Na série “Contíguos”, a intervenção se faz mais detidamente nas palavras. Os poemas trabalham as proximidades para realizarem deslizamentos semânticos, além dos sintáticos já experimentados nas séries anteriores: “Loucomove a mão/ Locomove o chapéu/ Loucomove o pé/ Locomove o chapéu”.

O sentido não se apresenta, portanto, anterior à construção do poema, ele se dá no momento da experimentação da linguagem. Esta será uma tônica para os poemas seguintes, pois estes propõem, no lugar da figuração do tema, a experimentação estética do tema. É o que veremos quanto à experiência do exílio, mais adiante. Por enquanto, ficamos ainda atentos ao exercício da lógica que se amplia num poema homônimo:

for              for
hoje           ontem
irei              fui
fuirei
     amanhã

Neste fica demonstrada a logicidade construída no cerne do poema, no movimento saído das palavras e seguido pela leitura empenhada tramada ao longo do livro. Com o poema “pro com”, que afirma a lógica instaurada, a seção “Saldo termina, mas prepara a próxima: ”Solda”. Depois da construção desta plataforma, a leitura se afasta da fixidez, nada é mais “stucked”.

 

3 - No alto

Na abertura de “Solda está a seção “Alguns floreios” em homenagem a Haroldo de Campos. Ela é toda construída pelo tracejado do motivo “palavra-puxa-palavra” coincidente com a idéia do aproveitamento do “mote alheio” que consagra a rota de uma constelação. Seus cometas: Drummond, Bandeira, Cabral. É também uma leitura radical (na sua raiz) a que Silviano faz desses poetas, como o é também a do poeta Haroldo de Campos dos mesmos poetas[1]. Nesta leitura, firma-se a solda de palavra a palavra, cuja afirmação estabelece a marca de um projeto poético, ou “obra em progresso”[2]. Algo que se move para a épica realizada no próximo poema de “Solda: “Man”.

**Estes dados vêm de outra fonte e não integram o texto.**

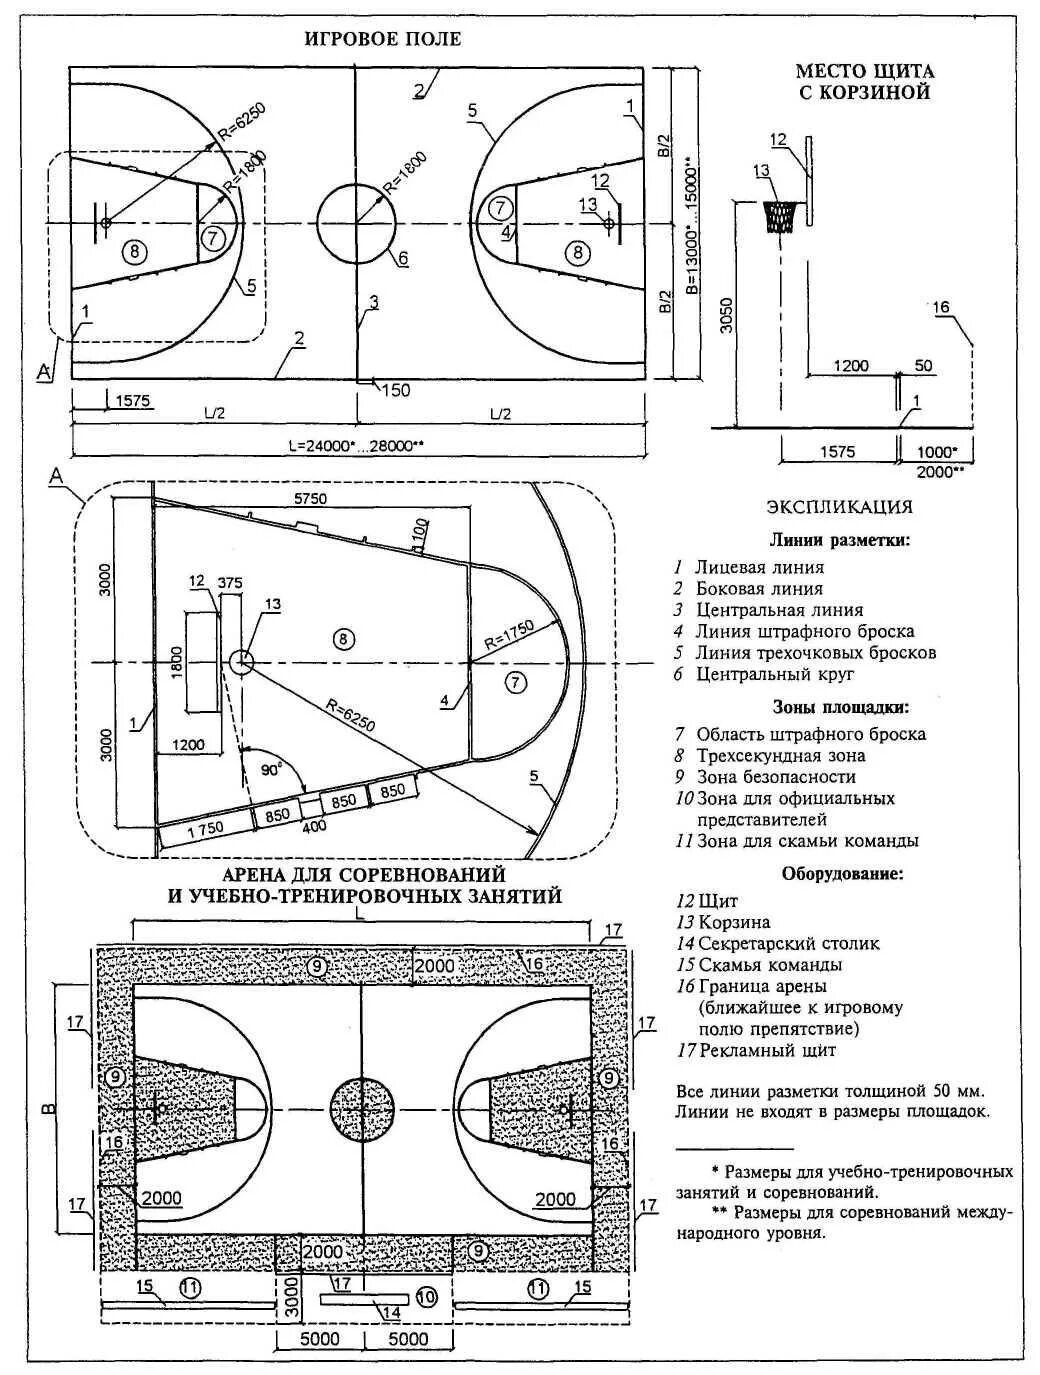 Размер баскетбольной площадки в баскетболе. Схема разметки баскетбольной площадки. Чертёж баскетбольной площадки с размерами. Стандартный размер баскетбольной площадки в баскетболе. Размер площадки для баскетбола стандарт.

Em “Man”, o poema nasce da radical experiência poética: ele nasce do significante “man”, em inglês, que se desfiará na experiência do exílio, mas aqui deslocada para o que chamamos acima de troca de uma figuração do exílio para uma experiência estética do exílio, que pode ser correlata ao “desplazamiento” apontado por Ricardo Piglia sobre a obra de Rodolfo Walsh:

(...) pero aqui Walsh practica el arte de la elipsis, el arte del iceberg a la Hemingway. Lo más importante de una historia nunca debe ser nombrado, hay un trabajo entonces muy sutil com la alusión y con el sobreentendido (...) Esa elipsis implica, claro, un lector que restituye el contexto cifrado, la historia implícita, lo que se dice en lo no dicho (...) decir lo máximo con la menor cantidad de palabras. (PIGLIA, 2001: 17)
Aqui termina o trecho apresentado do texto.